For centuries, humans have used science to explain their world. From the principles that suspend the planets in orbit to the relational pull of predator and prey, we turn to science to both examine and rationalize the experience of life. But does our reliance on science have a limit, particularly in medicine, where the “why” of disease can often escape scientific explanation?
For example, historically, medicine has poorly understood why one person gets sick and another doesn’t, particularly for complicated illnesses like cancer, diabetes, or heart disease, where multiple factors contribute to risk. Similarly, it’s been difficult to pinpoint why one medication works well for one person but not another.
And in the case of social determinants of health, medicine has yet to chart the physiology of disadvantage. That means, while we know poor people tend to be sicker, we don’t fully understand how poverty and discrimination manifest physiologically to produce disease; although there are exciting theories about stress hormones and organ function.
And so the why has evaded us, until now.
In January 2015, President Obama invested $215 million in a national Precision Medicine Initiative to use what science knows about the human genome to personalize the way doctors diagnose and treat disease.
The idea is that by using a wide range of biomedical information — including molecular, genomic, cellular, clinical, behavioral, physiological, and environmental parameters, physicians and scientists will have new tools to understand disease and determine the treatments that work best for each individual’s illness and DNA.

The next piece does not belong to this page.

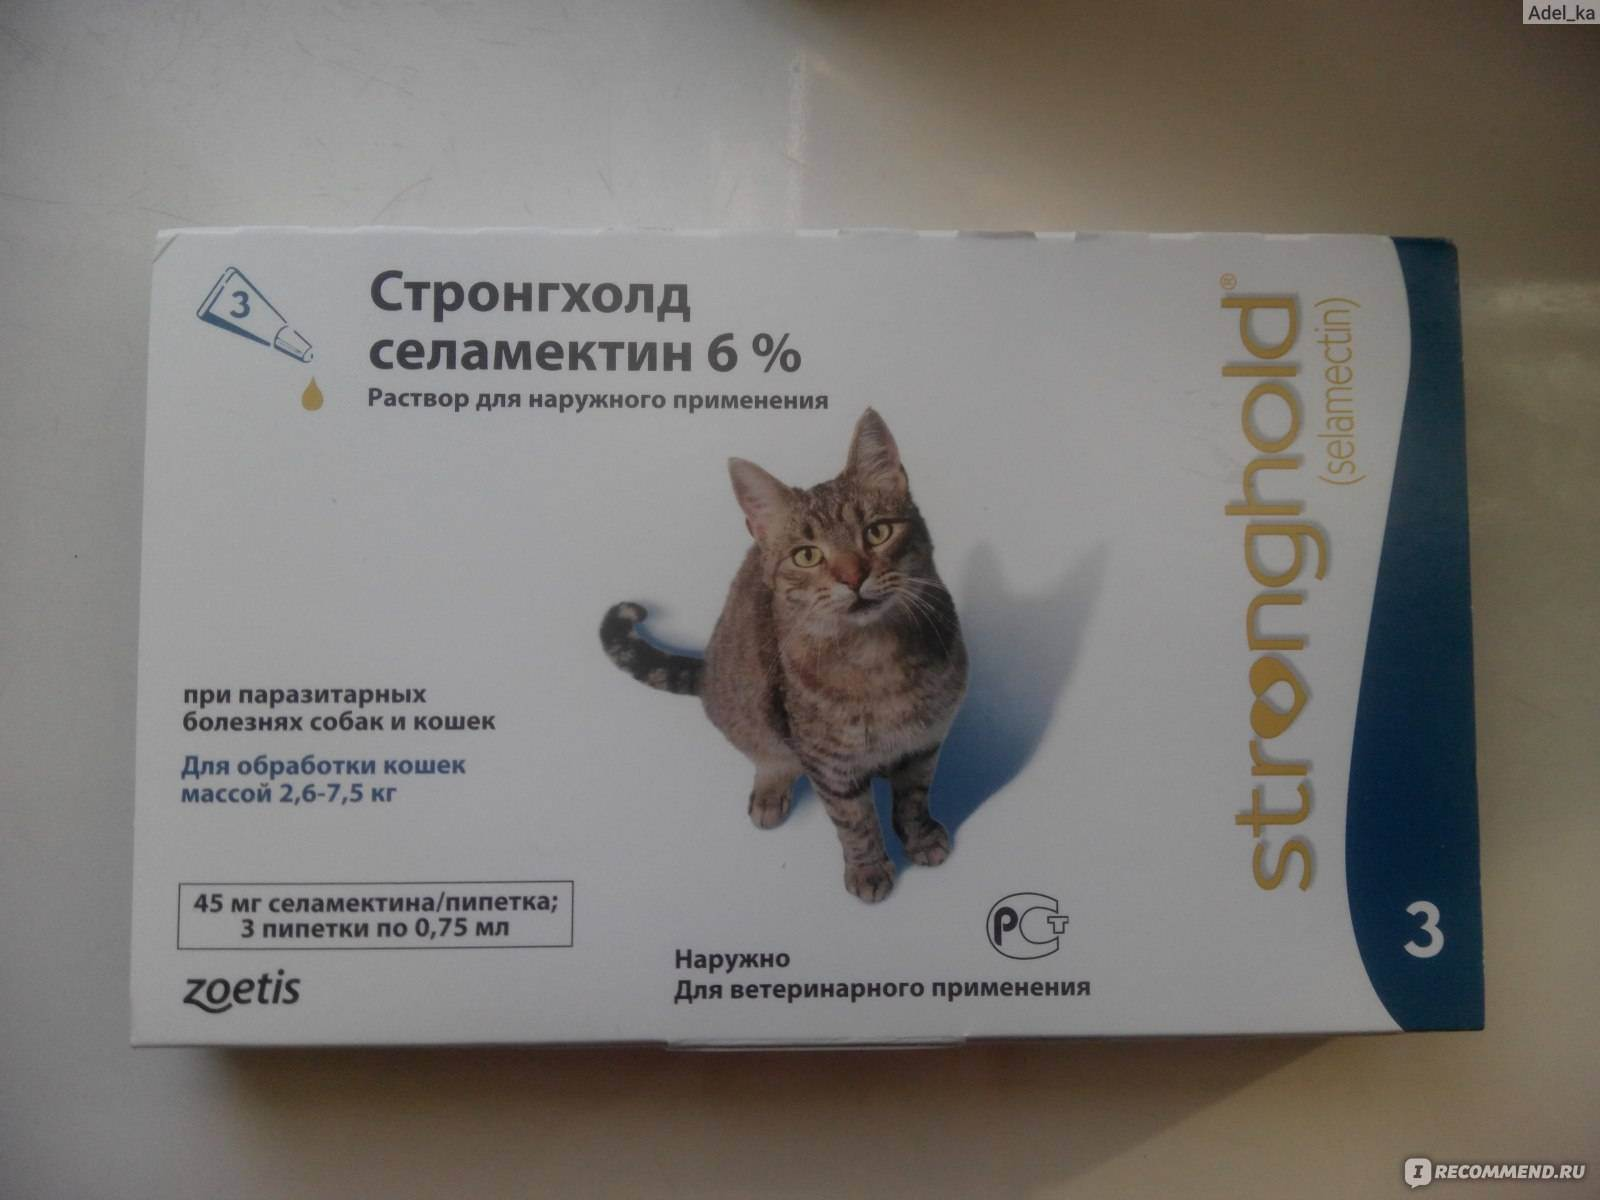 Как давать кошкам стронгхолд

With such a sizable investment from the Obama administration and the partnership of trusted institutions in the scientific community including the National Institutes of Health (NIH), National Cancer Institute, and the Food and Drug Administration, this Precision Medicine Initiative promises to improve the diagnostic strength and treatment success of modern medicine. The significance of that promise cannot be underestimated.
But as we turn to science to answer the elusive why, we have to be mindful of where science has failed in the past. This is to set reasonable expectations but also to avoid repeating past mistakes. So as we move forward, here are 2 things to keep in mind.
First, as we narrow our focus from the population to the individual, it may be easy to overlook the way certain diseases are disproportionately prevalent in certain communities. If we then, limit our evaluation to the individual, their DNA, and their illness, we may miss the aggregate data that compels us to also investigate disease at the community level, where local resources and public policy may profoundly shape disease patterns and prevalence. Which is to say, while some disease is best explained from the lens of a microscope, other disease is best appreciated with a panoramic view of the environmental conditions in which that disease persists.
Second, to capture enough data to understand the human genome, the NIH and its collaborators are aiming to enroll 1 million American volunteers in the Precision Medicine research cohort. But a study published in 2014 found that non-whites account for less than 5% of clinical trial participants. More specifically, of the 10,000 clinical trials reviewed in that data, only 150, or less than 2%, focused on a racial or ethnic minority population.
So, if the Precision Medicine cohort is anything like the clinical trial cohorts from the past, women, minorities, and the elderly may be underrepresented; not to mention undocumented “non-Americans” who are generally excluded from scientific research. That means, while some patients will receive care uniquely tailored to them, women, minorities, the elderly, and the undocumented, may get care that was studied, tested, and developed, mostly for young white men. So as we endeavor to improve our understanding of human biology and disease, we have to make demonstrated efforts to enroll those science has historically forgotten.
Probing the human genome for the answers to medicine’s greatest questions will almost certainly lead to innovations and improvements in the health of our population. But as with most innovations, without careful and thoughtful execution, the impact may be limited. In Precision Medicine, we risk continued exclusion of certain populations from the benefits of science. This is when science fails, when it is unable to capture the breadth and meaning of the human experience. So if Precision Medicine does not couple its inquiry into DNA and disease with an equally rigorous examination of the biologic imprint of social stress, poverty, and discrimination, we may be no why-ser, than when we started.